我将占位符变量存储在名为“input的范围内。”在训练和保存模型后,我尝试重新加载它并在测试数据上进行评估。但是,我无法理解如何重建feed_dict。我注意到我正在获得多个“输入”范围,标记为“输入_#。”我注意到我在运行时
graph = tf.get_default_graph()
e1 = graph.get_tensor_by_name("inputs/e1:0")
e2 = graph.get_tensor_by_name("inputs/e2:0")
rel = graph.get_tensor_by_name("inputs/rel:0")
y = graph.get_tensor_by_name("inputs/y:0")
我收到错误。占位符e1,e2被识别,但y不是:
KeyError:“名称'inputs / y:0'指的是没有的Tensor 存在。图中不存在'inputs / y'操作。“
我的问题是:为什么我无法加载占位符y,为什么它不会出现在变量范围“输入”中,为什么还有其他“输入”范围。以下是我的代码和输出的示例。

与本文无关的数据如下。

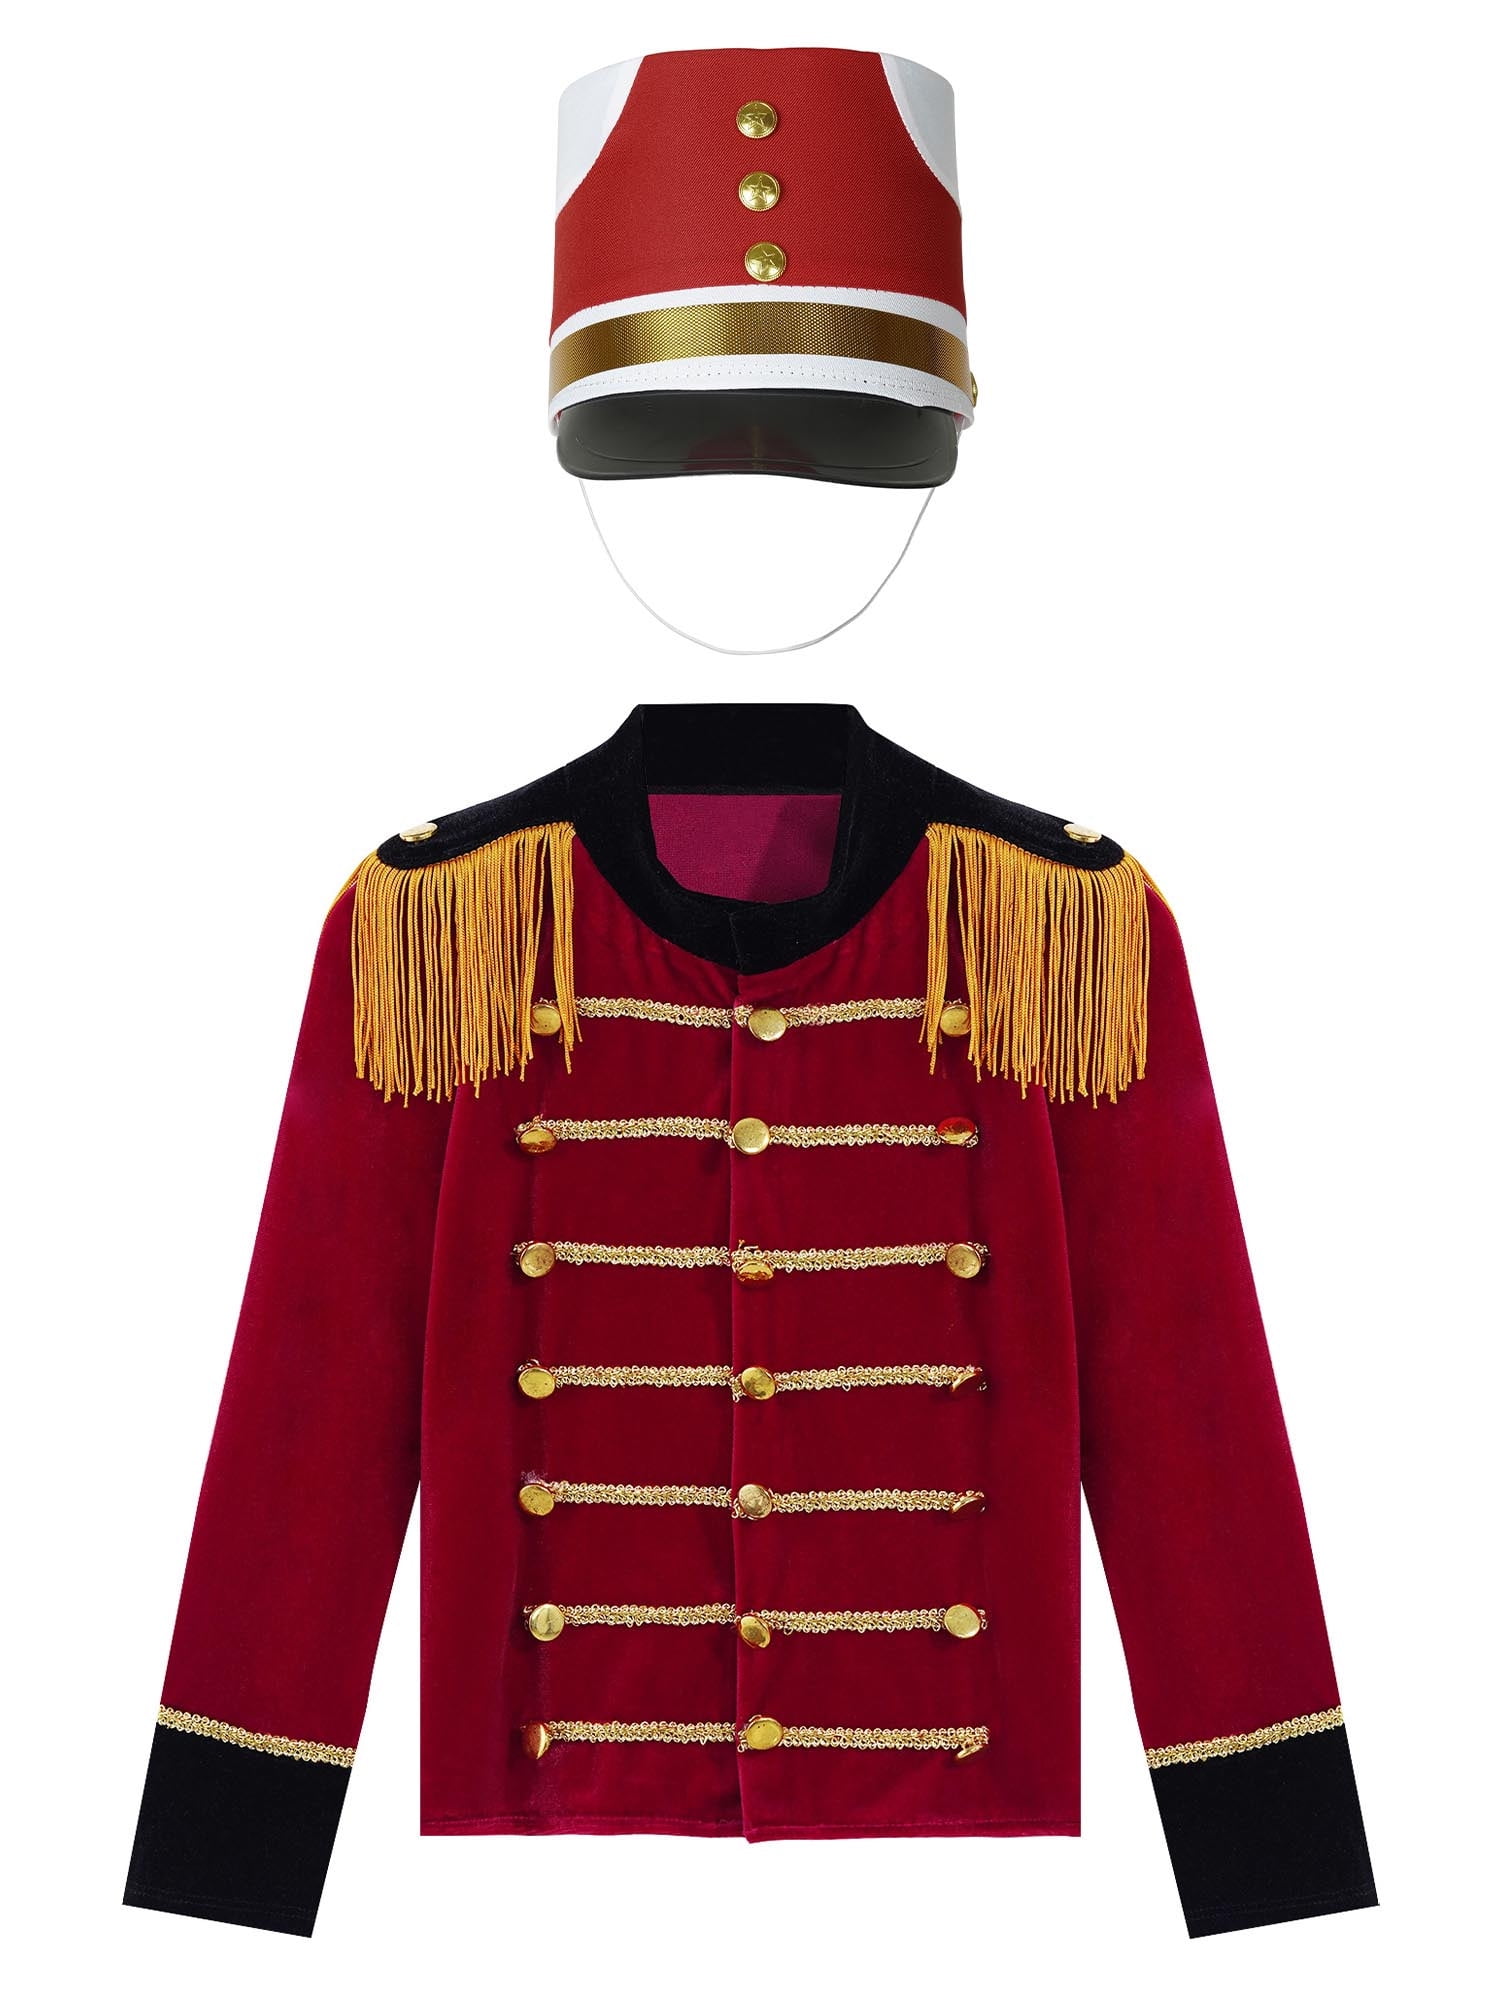  TiaoBug Kids Girls Boys Drum Major Costume Marching Band Uniform  Tassel Red Circus Ringmaster Jacket Halloween Costumes 2 Pieces 4 Years :  Clothing, Shoes & Jewelry

谢谢你的期待!
我的模特:
with open('./data/generated.data/initialized.vectors-normalized', 'r') as f:
vecs = pickle.load(f)
k = 3
d = 100
r = 11
lamb = 0.0001
lr = 0.01
words = 26770 # number of words in corpus, we add one row to it to get zero value
with tf.name_scope('inputs'):
e1 = tf.placeholder(tf.int32, shape=[None, 10], name='e1')
rel = tf.placeholder(tf.int32, shape=[None, 1], name='rel')
e2 = tf.placeholder(tf.int32, shape=[None, 10], name='e2')
y = tf.placeholder(tf.float32, shape=[None], name='y')
with tf.name_scope('parameters'):
# initialization process for E, maintain e[0,:] = 0 vector for dummy variable c
glove_rows = tf.constant(vecs, dtype='float32')
E_init = tf.Variable(tf.random_uniform([words - vecs.shape[0] + 1,d], -0.001, 0.001))
E = tf.concat([glove_rows, E_init], 0, name='E')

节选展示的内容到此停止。